Enable a Low Code Modular LLM App Engine using Oracle Integration and OCI Generative AI

Oracle Integration is a fully managed service that enables a low-code or no-code approach for enterprise connectivity, extension and automation capabilities for quickly modernizing applications, business processes, APIs, and data. With a visual development experience, prebuilt integrations, and embedded best practices, Oracle Integration can orchestrate APIs, apps, systems, etc. and enable AI-powered and human-based custom applications and business flows.

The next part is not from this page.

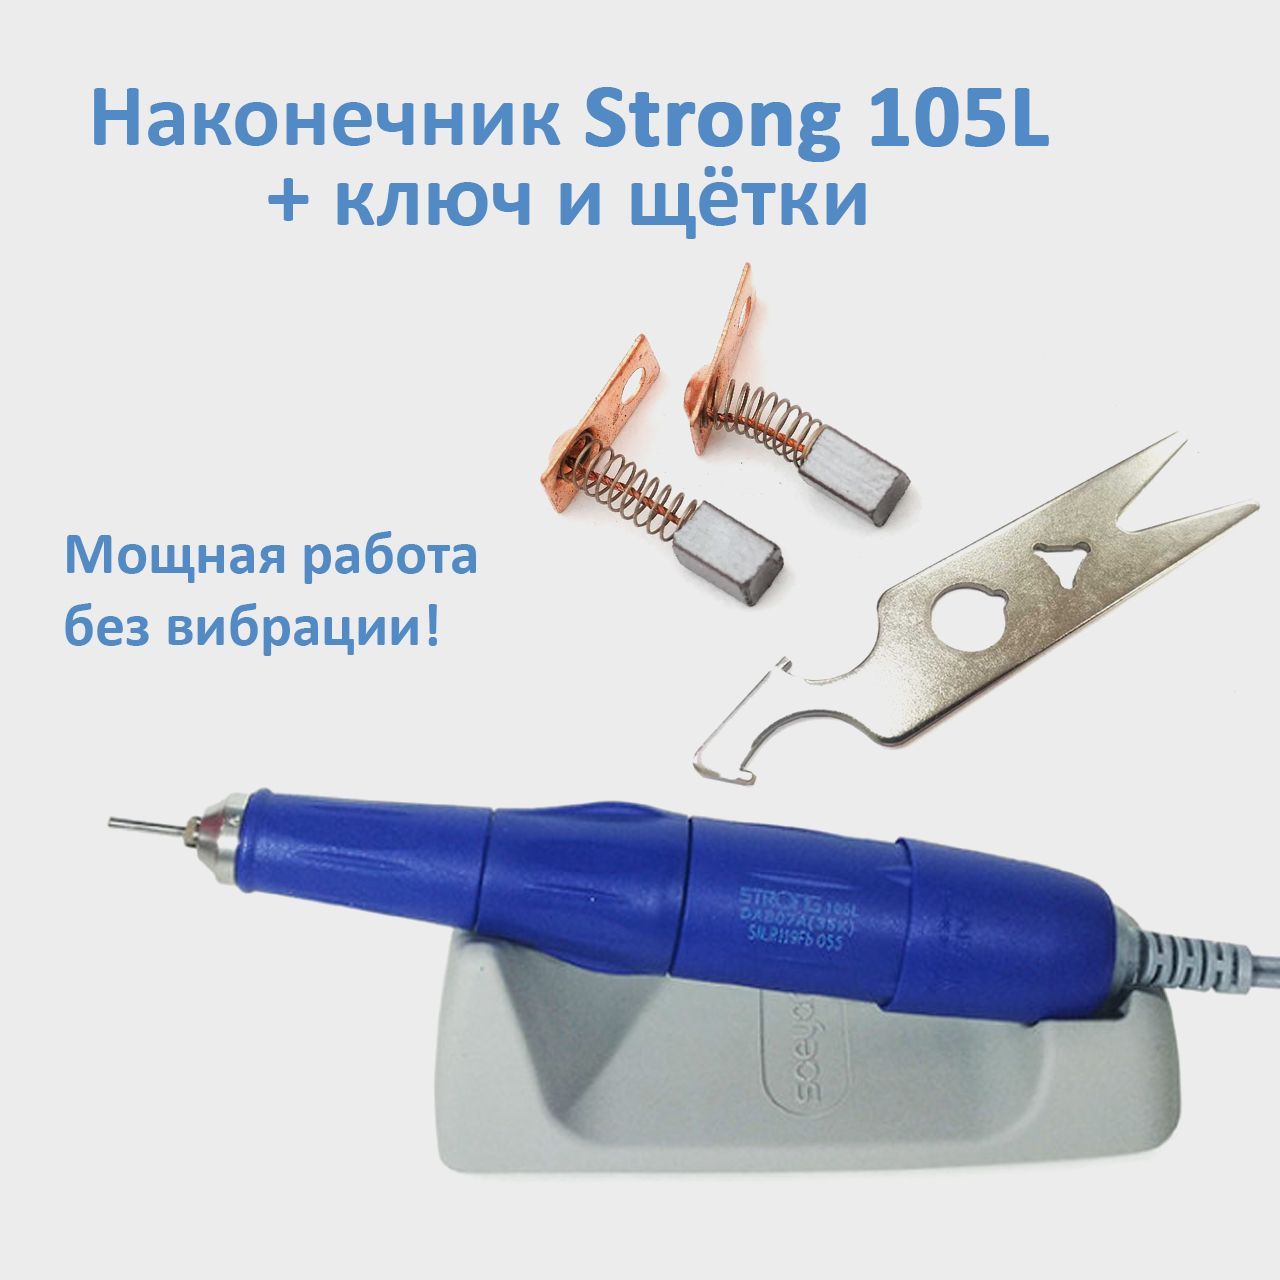 Ручка для маникюра Strong 105L 35000 оборотов, сменные щетки и ключ для наконечника С сменные щетки для ручки наконечника strong 2 шт

Oracle Cloud Infrastructure Generative AI (OCI Generative AI) is a fully managed service that provides a set of state-of-the-art, customizable large language models (LLMs) that cover a wide range of use cases for text generation, summarization, embedding and chat completion. You can use the playground - an interface in the Console for exploring the hosted pretrained and custom models without writing a single line of code or create and host your own fine-tuned custom models based on your own data on dedicated AI clusters.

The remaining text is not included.